Centuries ago men used shields under attack; the modern equivalent is putting an object between yourself and a perceived threat — a desk, a doorway, or the back of a chair you straddle. The chair-back is a shield that can transform the sitter into an aggressive, dominant personality, with legs spread in a wide Crotch Display for added male assertion. Straddlers are typically dominant types who take control when bored, slipping into the position almost unnoticed. The counter is nonverbal: stand up or sit behind them so their back is exposed and they must move; with a swivel-chair Straddler, stand, look down, and move into their personal space until they shift. Seat a known Straddler in a fixed armchair so they cannot straddle — at which point they usually switch to the Catapult.

11. The Catapult

The Catapult is a seated Hands-on-Hips with the hands clasped behind the head and the elbows pointed menacingly outward. Almost entirely male, it intimidates — or feigns relaxation to lull you before an ambush. It is the trademark of accountants, lawyers, and sales managers feeling superior, dominant, or all-knowing ("I have all the answers," "everything's under control"). Newly promoted male managers suddenly start using it. It is usually clustered with a Figure-Four leg position or Crotch Display, marking someone likely to argue or dominate, and it can stake a territorial claim. Counters: lean forward, palms up, and invite comment; place something just out of reach so they must lean forward; if you are a man, mirror it to create equality (this does not work for women, who are read as "aggressive" doing it); or stand whenever they catapult and sit when they stop, training them not to intimidate. In one insurer, 27 of 30 male sales managers catapulted around subordinates but switched to submissive clusters in front of their own superiors.

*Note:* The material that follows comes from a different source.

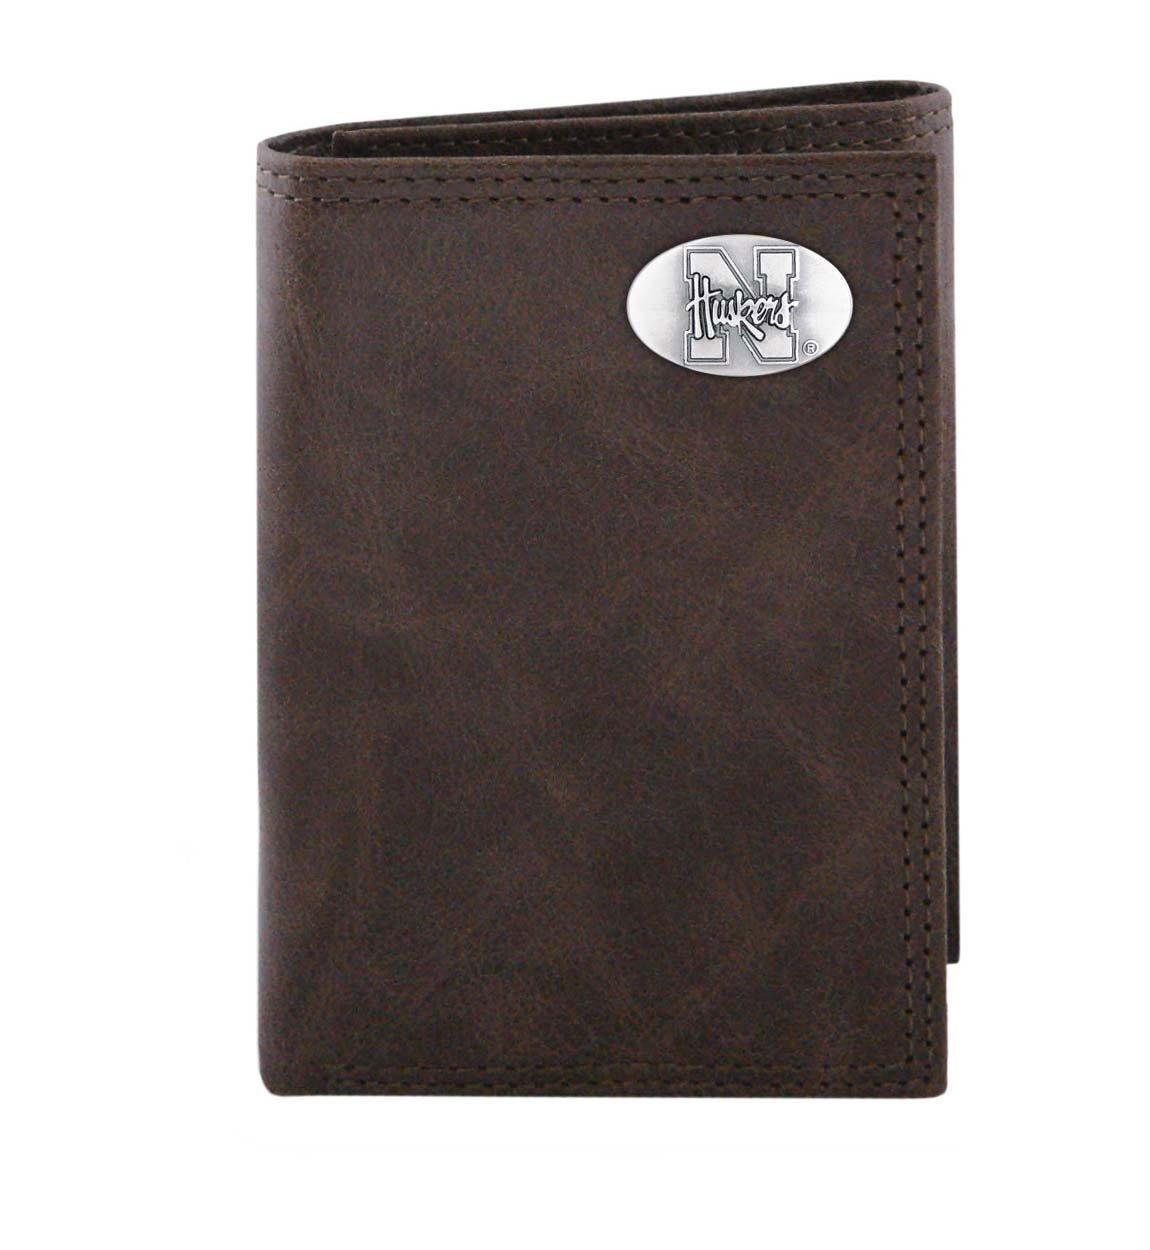 NCAA Nebraska Cornhuskers Brown Wrinkle Leather Trifold Concho Wallet, One Size
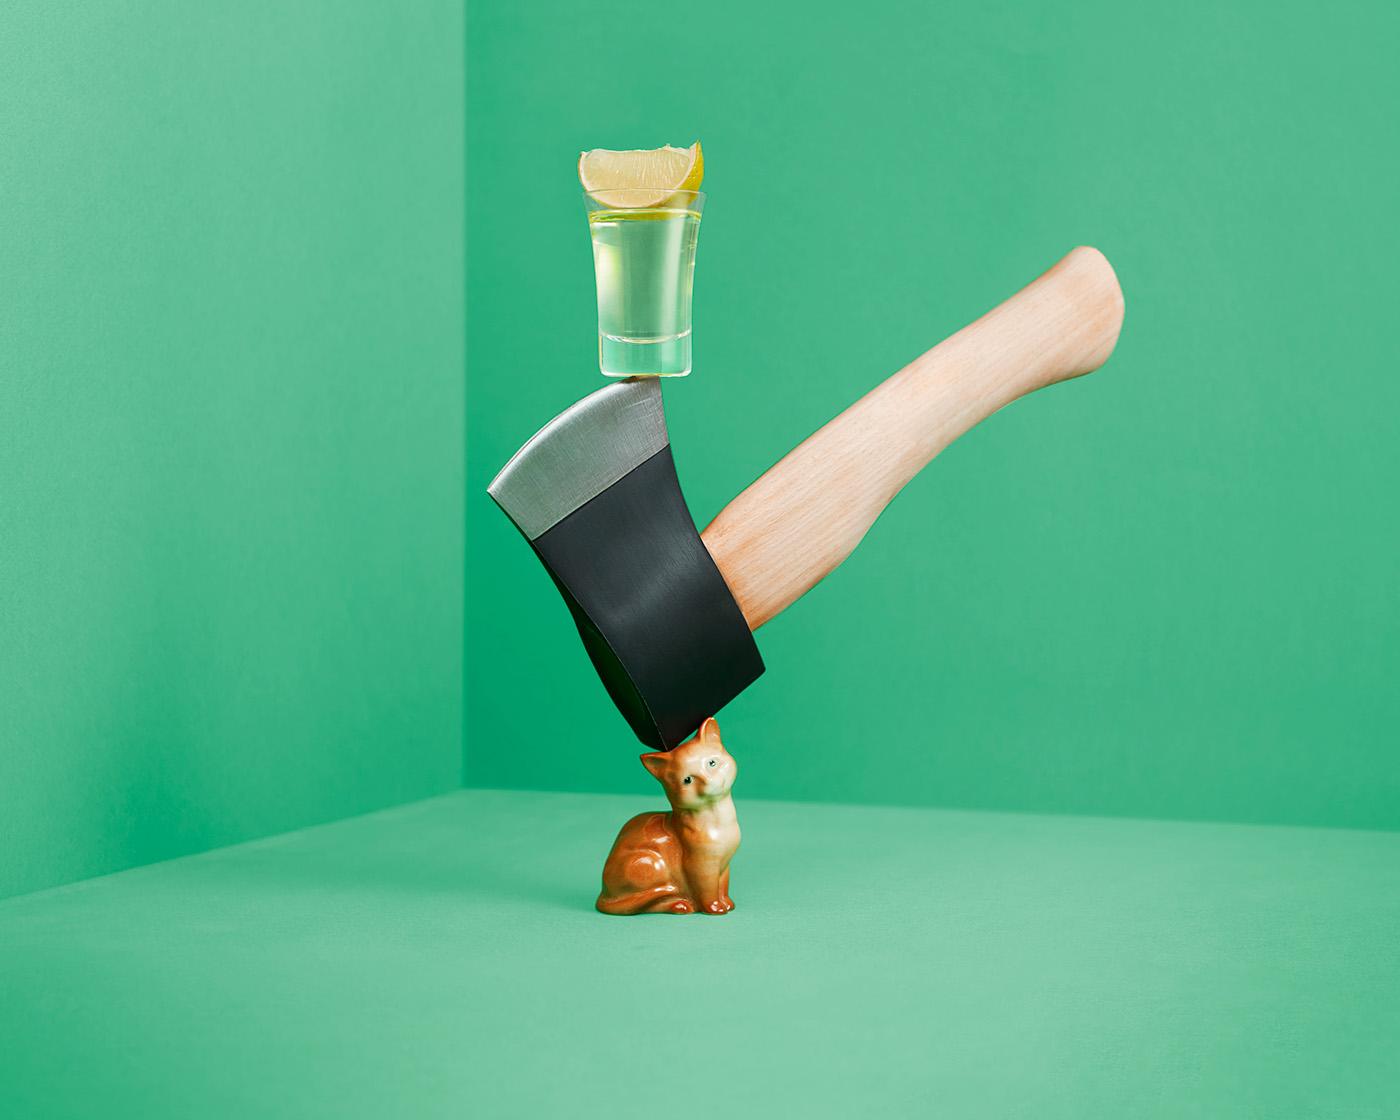 A Fine Balance | Danny Eastwood #artpeople

Two readiness signals to recognise

Beyond the thirteen, two seated cues tell a negotiator the conversation is about to turn — worth knowing because they cue when to ask for the decision.

  • Seated Readiness — when this gesture follows a Chin-Stroke (the decision-making move) at the end of a proposal, the buyer says yes more than half the time; if Arms-Crossed follows the Chin-Stroke instead, the sale is usually lost. (Read the preceding cluster, since the same readiness can mean an angry person ready to throw you out.)
  • The Starter's Position — leaning forward with both hands on the knees, or gripping the chair as if at the start of a race, signals a desire to end the meeting. When you see it, take the lead: resell, change direction, or close.